Each line of data below is to be returned exactly, leaving out any picture.

Provided data:
■ ■ ■ ■ ■ ■ ■

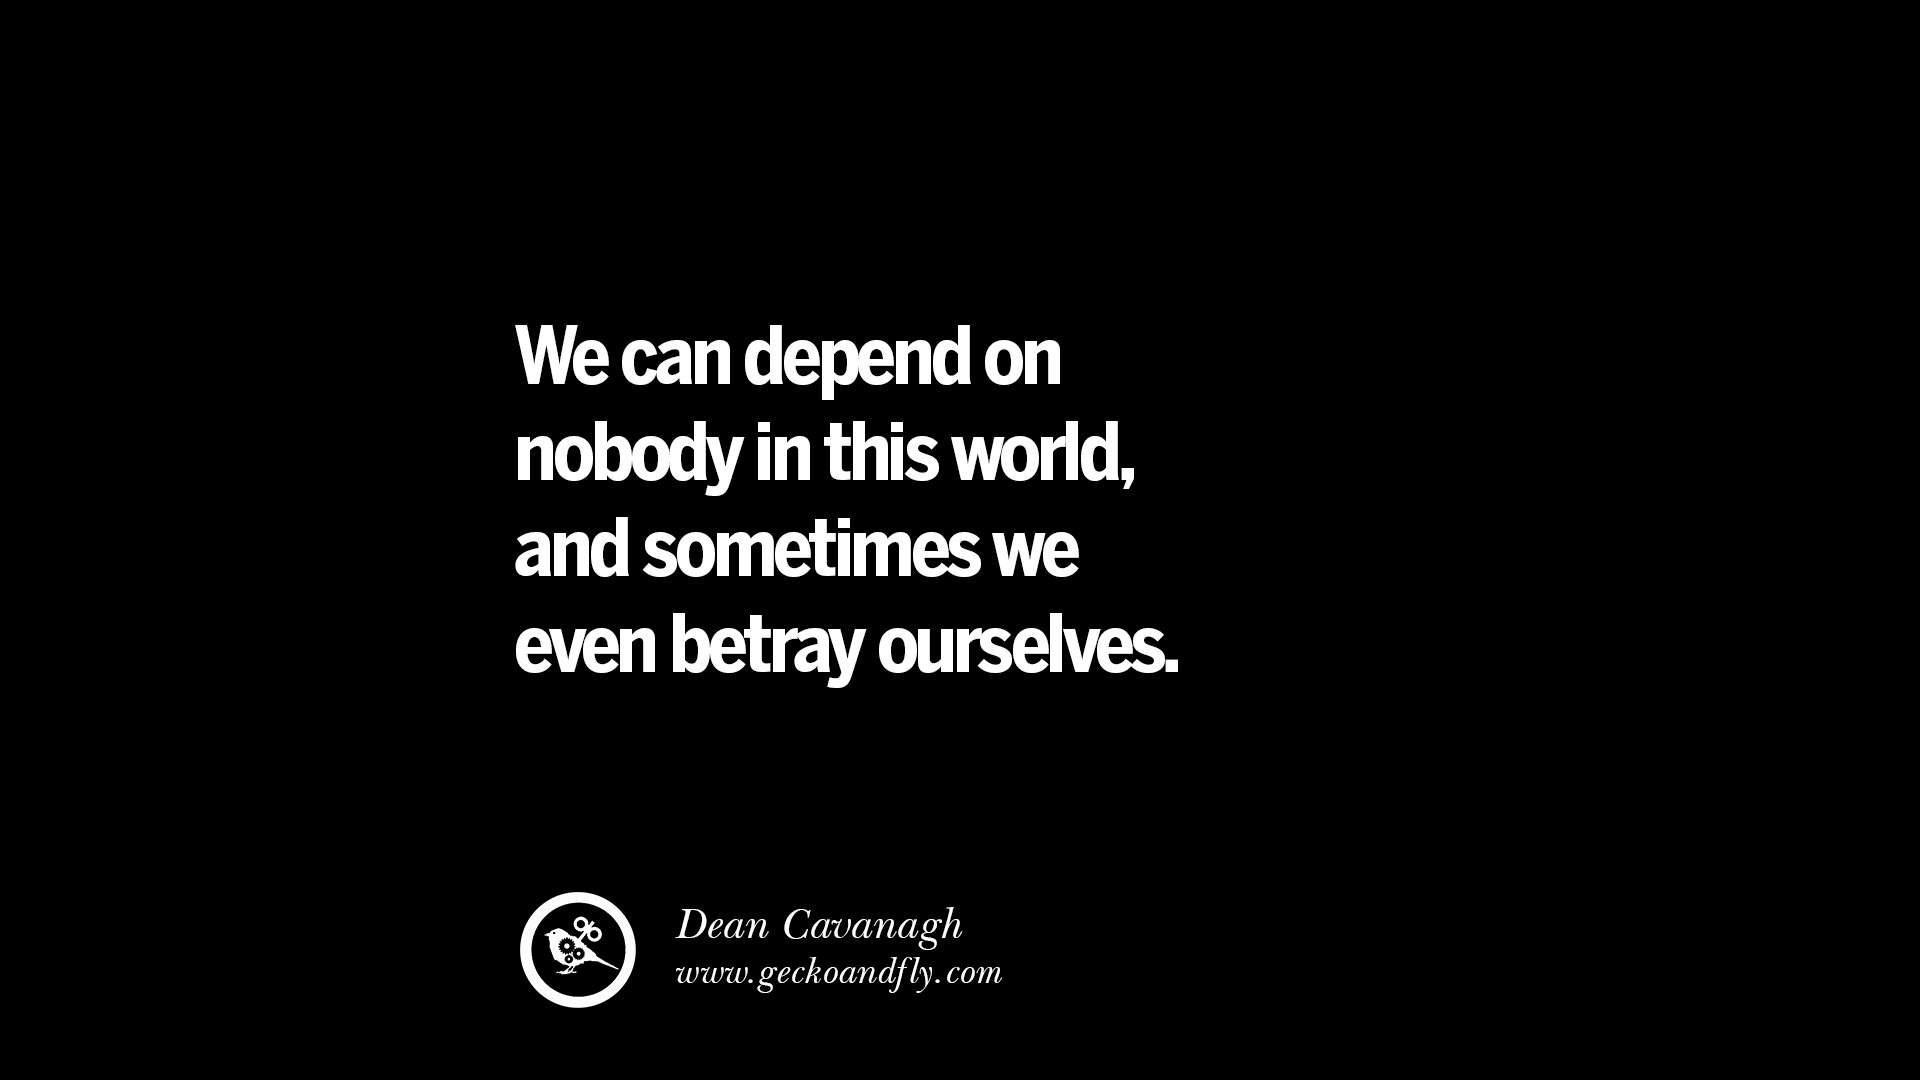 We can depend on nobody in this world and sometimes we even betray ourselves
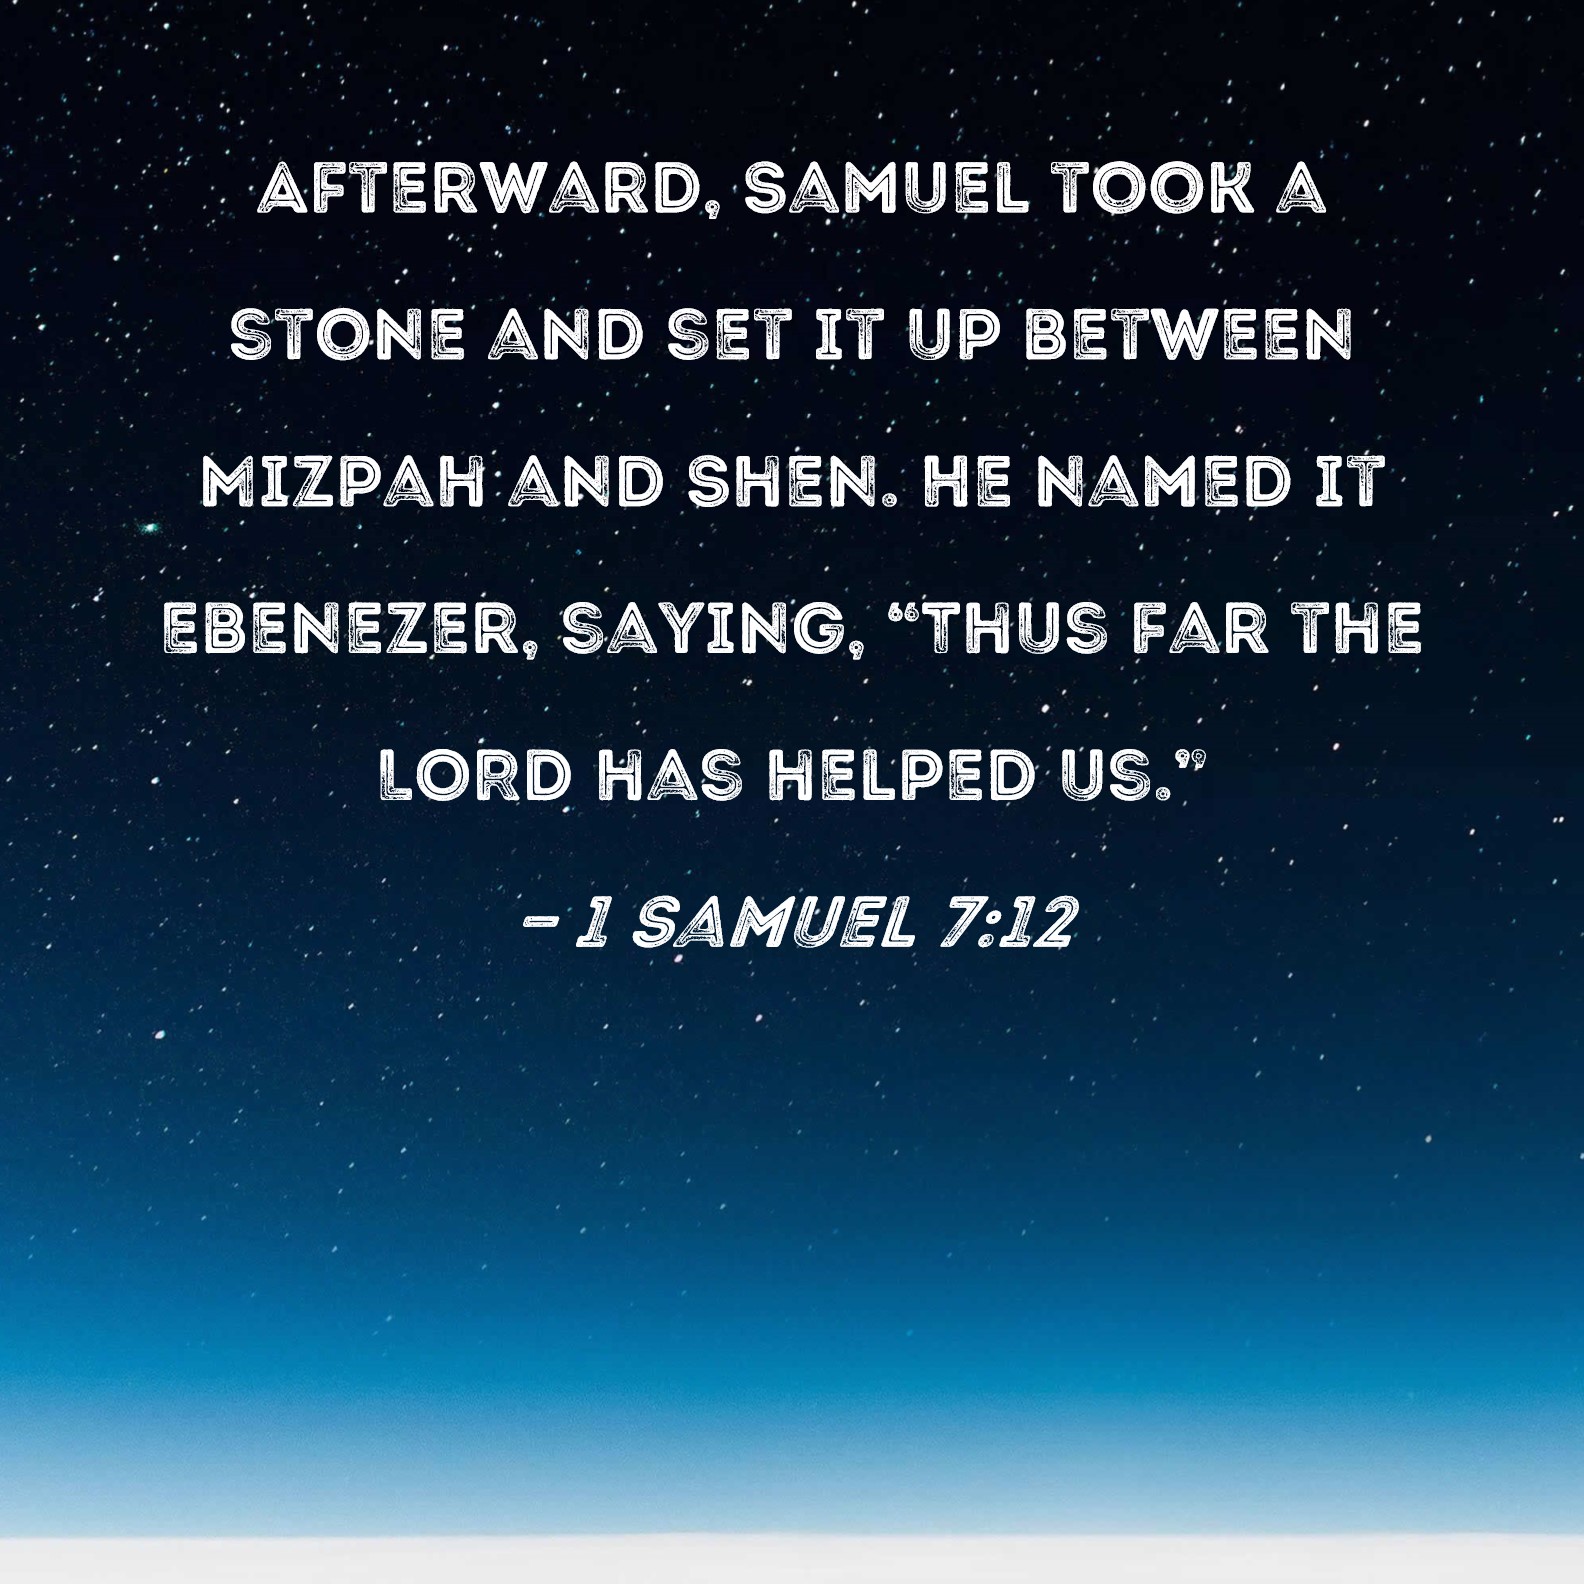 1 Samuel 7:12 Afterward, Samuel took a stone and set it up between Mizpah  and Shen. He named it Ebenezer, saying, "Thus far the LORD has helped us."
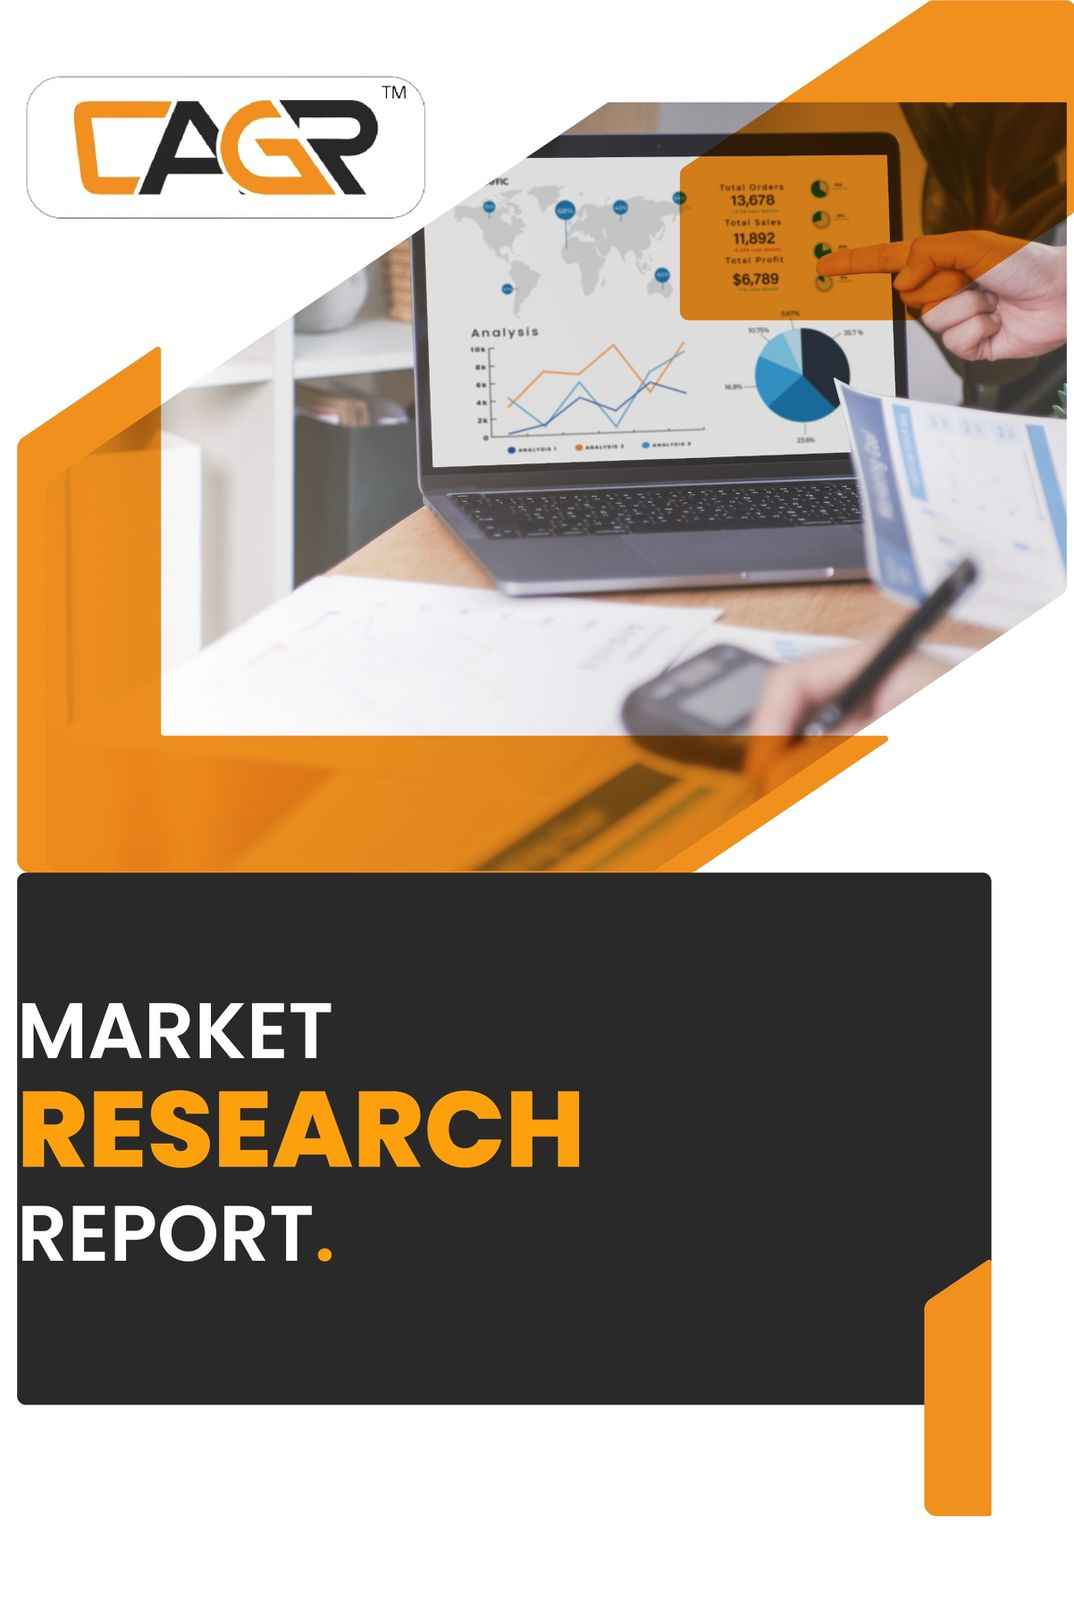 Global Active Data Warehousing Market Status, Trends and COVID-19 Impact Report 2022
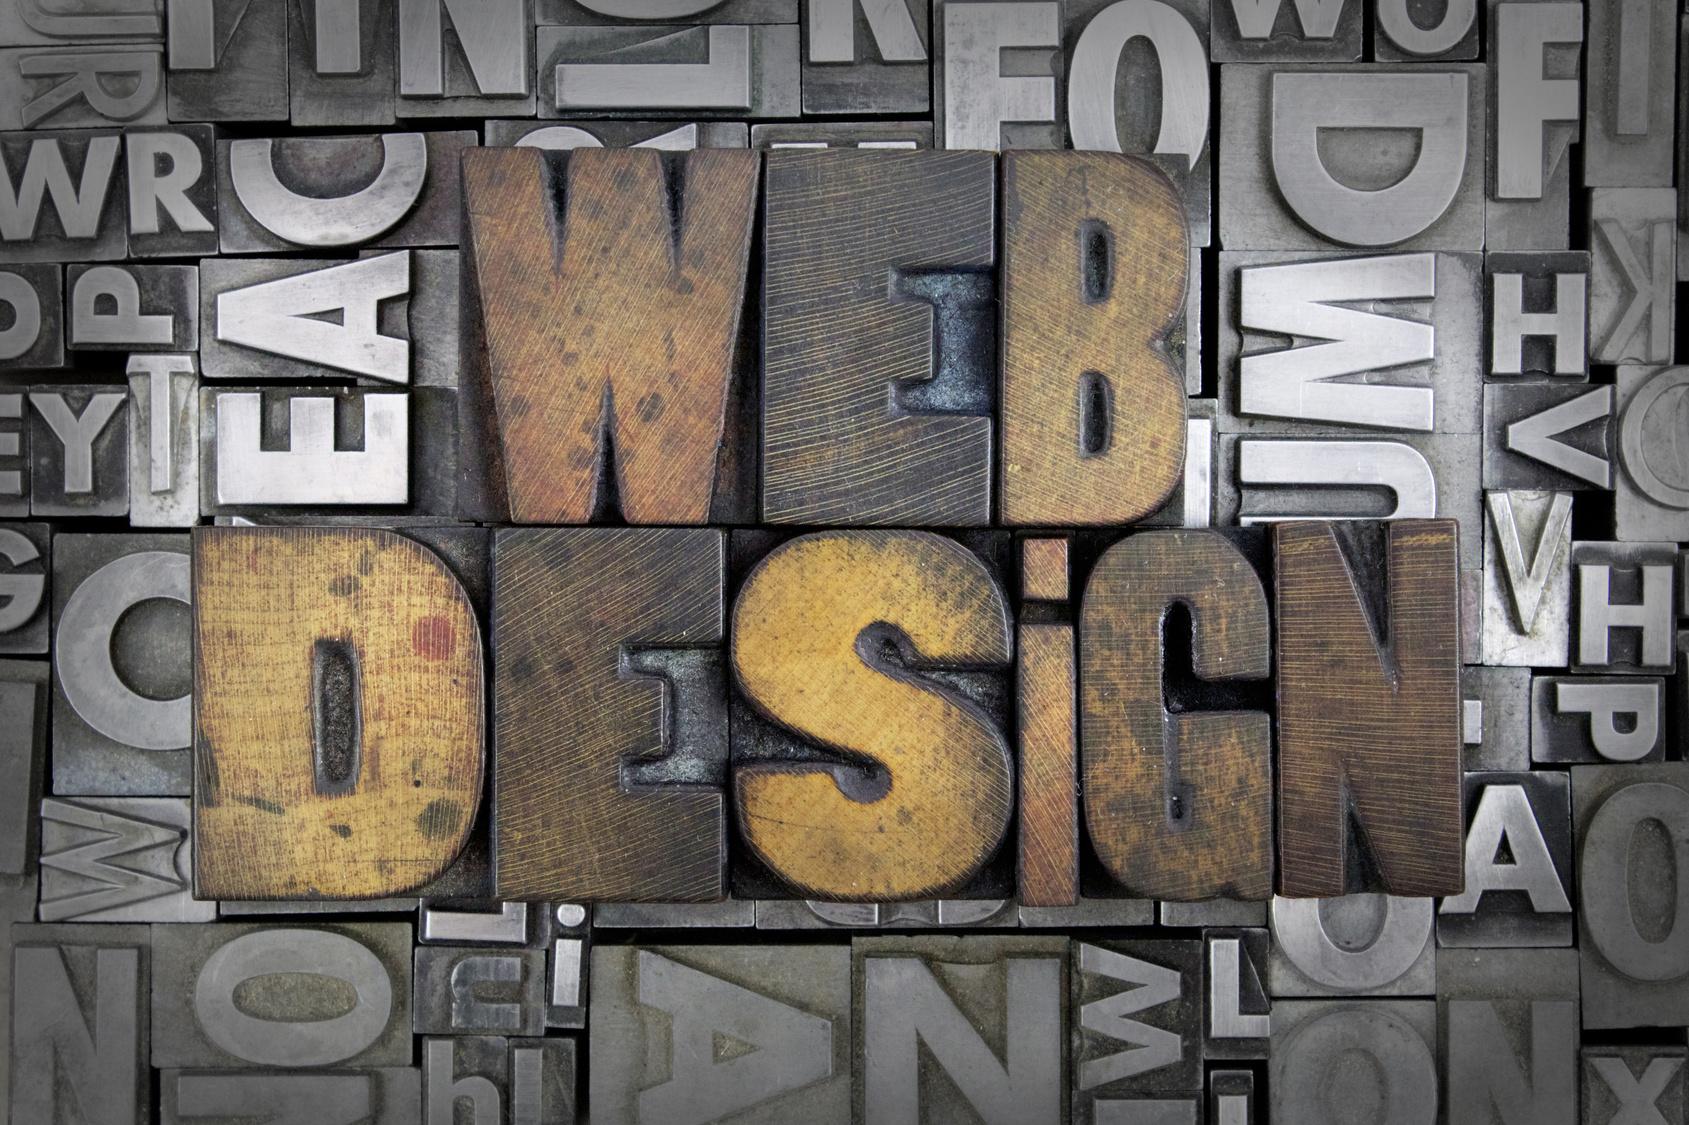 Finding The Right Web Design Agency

■ ■ ■ ■ ■ ■ ■

Problem solution:
 We can depend on nobody in this world and sometimes we even betray ourselves
 1 Samuel 7:12 Afterward, Samuel took a stone and set it up between Mizpah  and Shen. He named it Ebenezer, saying, "Thus far the LORD has helped us."
 Global Active Data Warehousing Market Status, Trends and COVID-19 Impact Report 2022
 Finding The Right Web Design Agency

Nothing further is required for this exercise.